A specific plan addressing the procedure to employ licensed and non-licensed staff.
Lester, a native of Rose Bud in White County, has served as Jacksonville High School principal, PCSSD superintendent and even interim superintendent in 2011, when the state took over the failed district, which still remains under state supervision.
Lester said he will recommend the districts work with consultants to settle debts and millage, but that any action is premature until the court order on Thursday.
The new board will soon have to decide on a request made by Col. Stephen Weaver, 19th Mission Support Group commander, to appoint a nonvoting, ex-officio school board member to represent Little Rock Air Force Base.
Once the district gets out from under state and court supervision, it’s important that the air base has a key role in the running of the new school district. Airmen have 1,900 school-age children, with about 1,300 of them in Cabot schools and 500 in PCSSD.

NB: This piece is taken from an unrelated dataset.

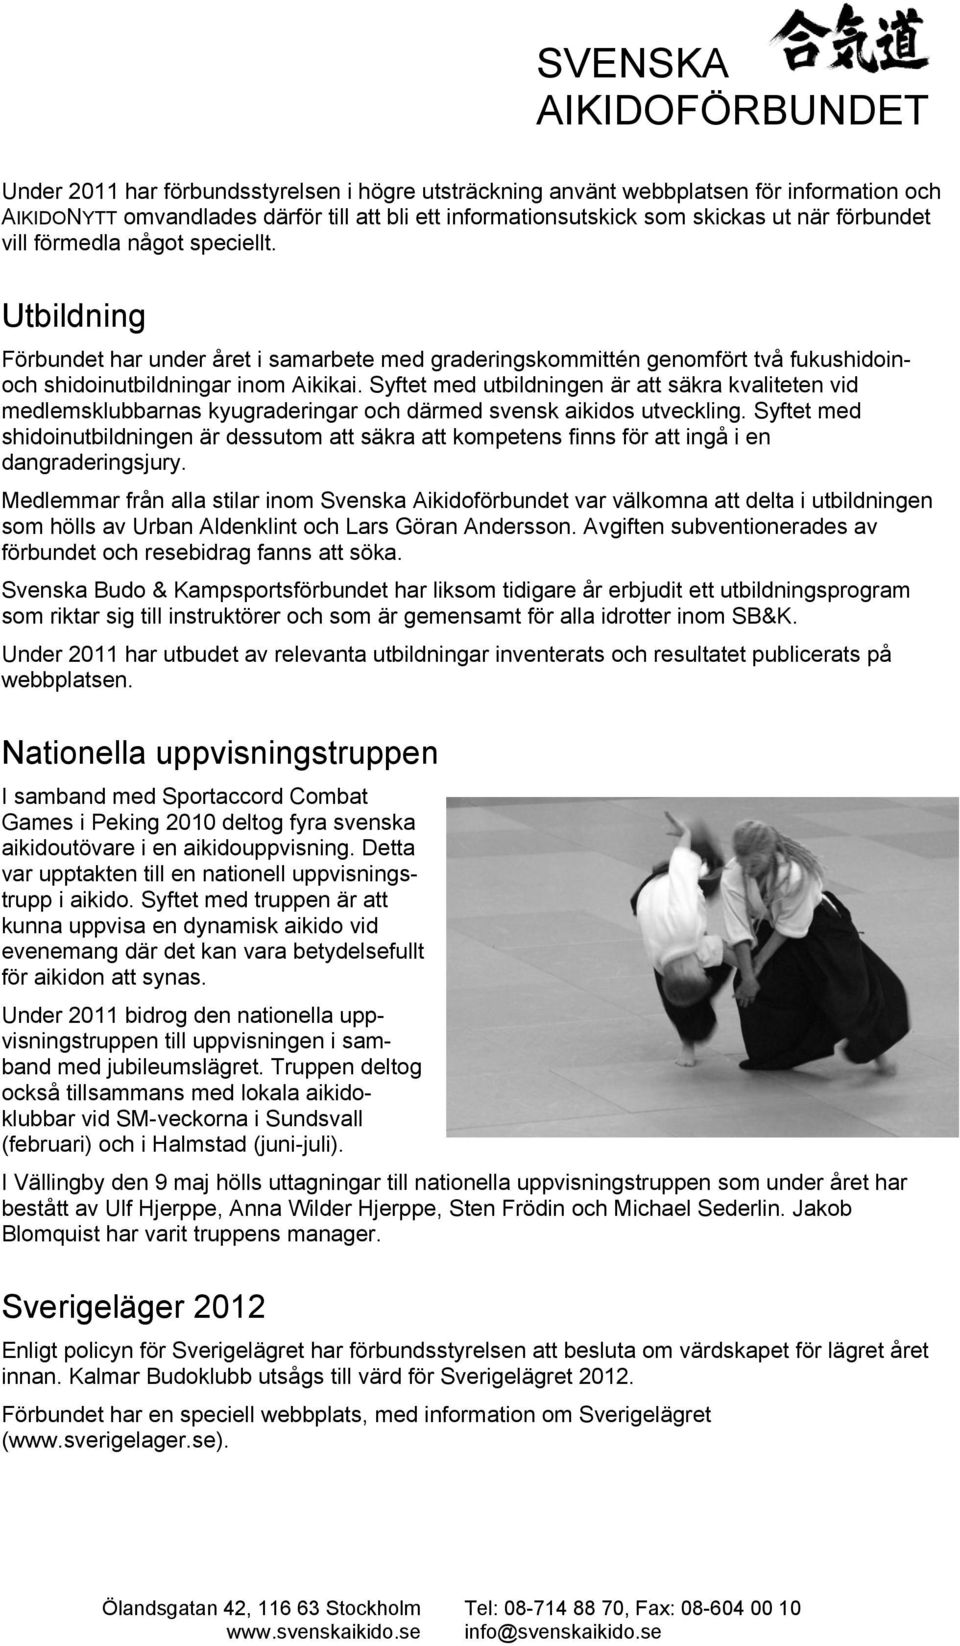 Syftet med utbildningen är att säkra kvaliteten vid medlemsklubbarnas kyugraderingar och därmed svensk aikidos utveckling.

The air base has offered 300 acres to the district for an educational campus, and the Defense Department could pay as much as 75 percent of the cost of replacing the decrepit Arnold Elementary School on the base and money toward turning North Pulaski High School into a junior high.
An Air Force representative on the board “would not be unique,” Weaver said at a recent Jacksonville school board meeting. “There are a number of these kinds of relationships in other communities.”
The Pentagon provides additional aid to military communities, and those funds could go higher in Jacksonville once the district becomes independent. Here’s hoping the new district passes another hurdle in court tomorrow.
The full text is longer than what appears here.